◆ **Action item**: Every line below between the line holding "企业数据宝app 移动设备\/APP界面 UI 谢晔 - 原" and the line holding "Web Culture Service(ウェブ・カルチャー・サービス)ソフトウェア・ツール商品ラインナップ", inclusive, should be repeated exactly, and all other lines omitted.

◆ **Exercise material**:

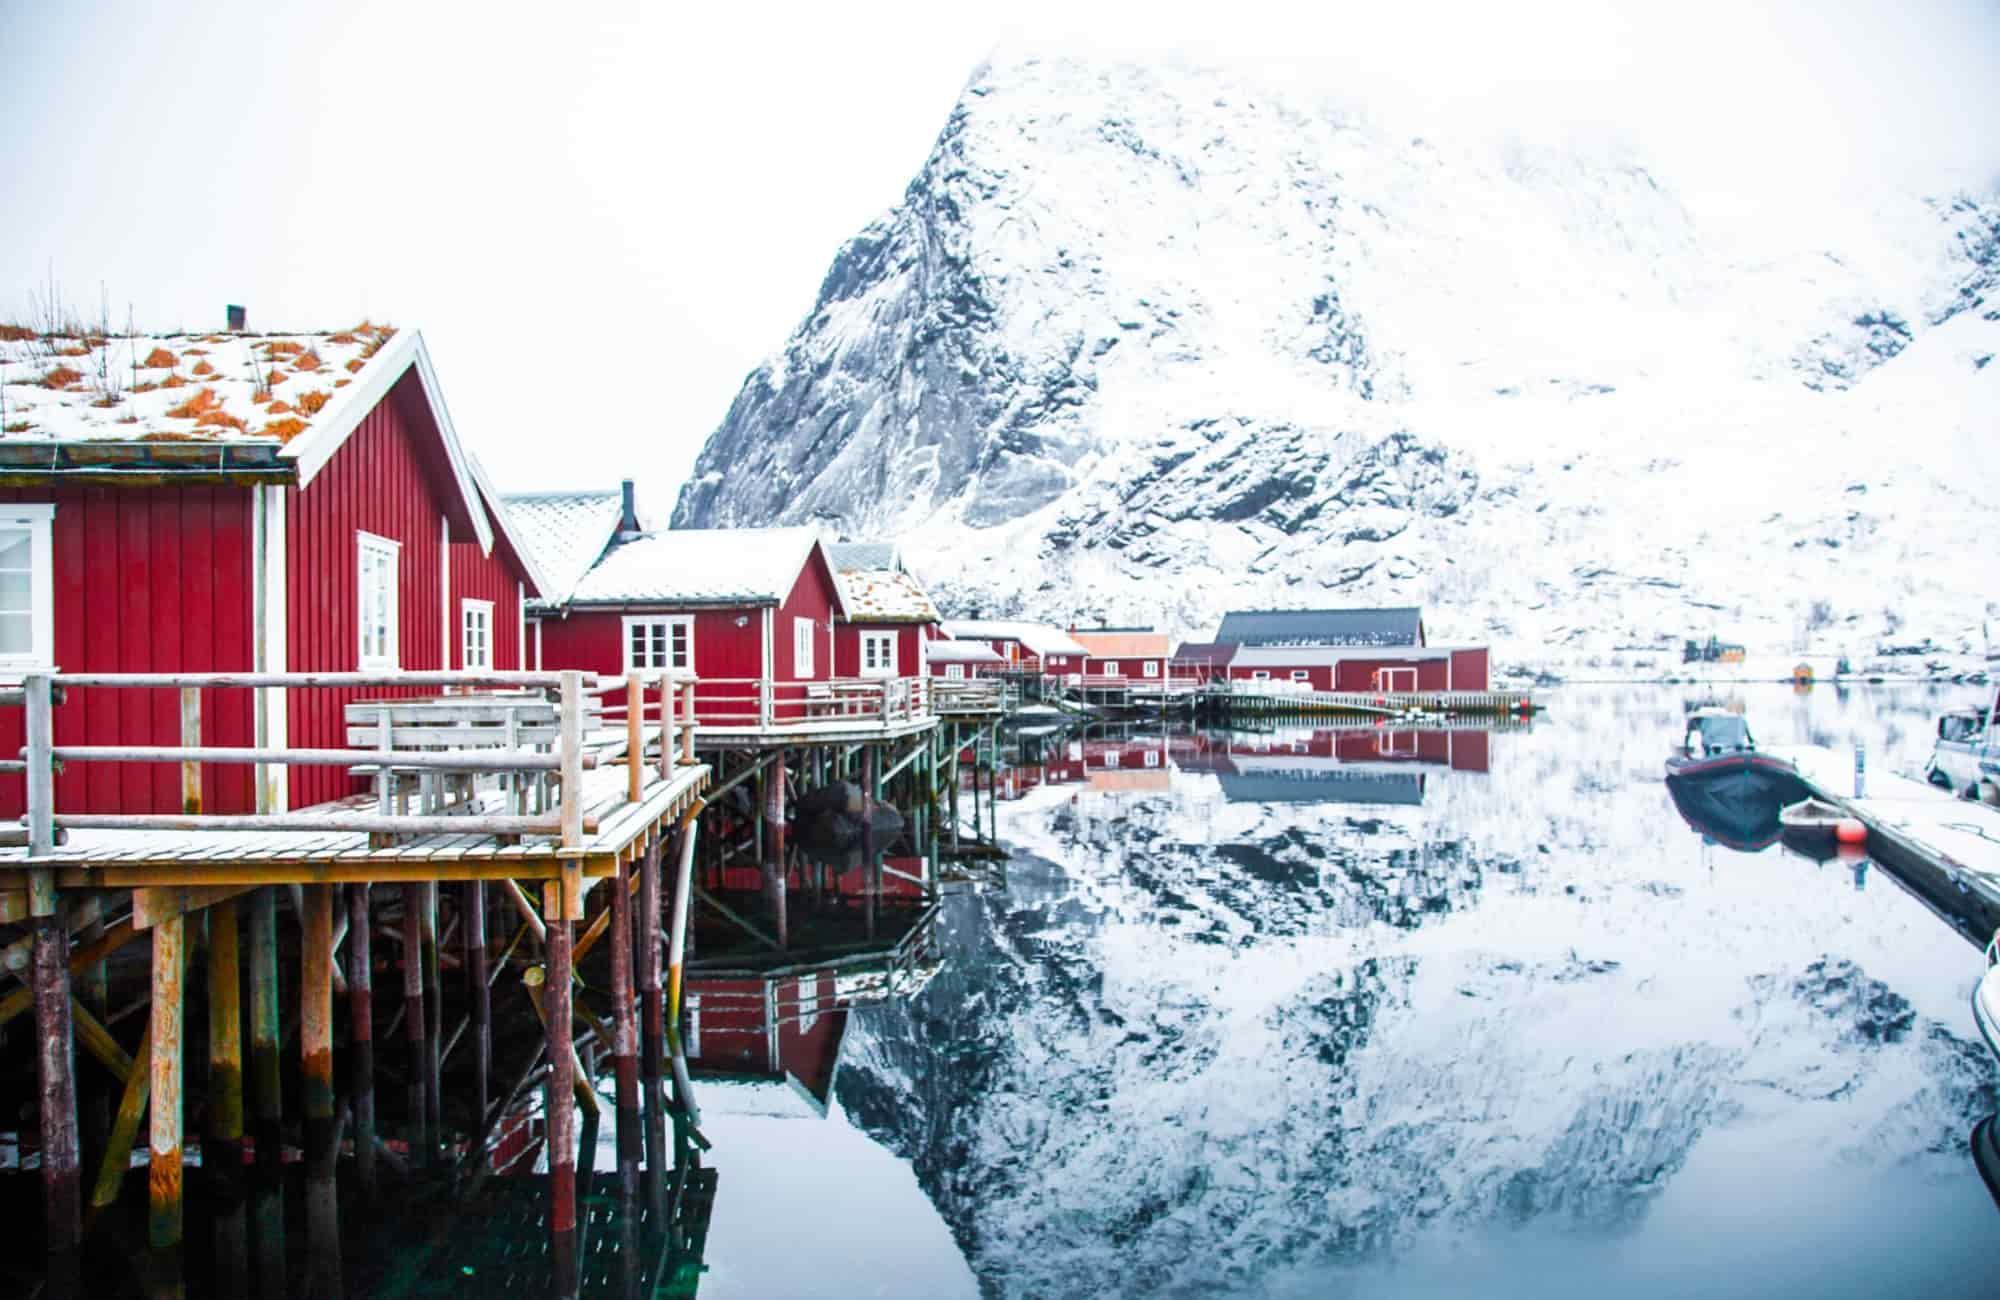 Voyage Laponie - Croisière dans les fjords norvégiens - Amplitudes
==
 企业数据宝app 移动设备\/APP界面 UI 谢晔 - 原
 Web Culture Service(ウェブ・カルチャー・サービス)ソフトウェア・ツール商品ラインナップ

◆ **Finished exercise**:
 企业数据宝app 移动设备\/APP界面 UI 谢晔 - 原
 Web Culture Service(ウェブ・カルチャー・サービス)ソフトウェア・ツール商品ラインナップ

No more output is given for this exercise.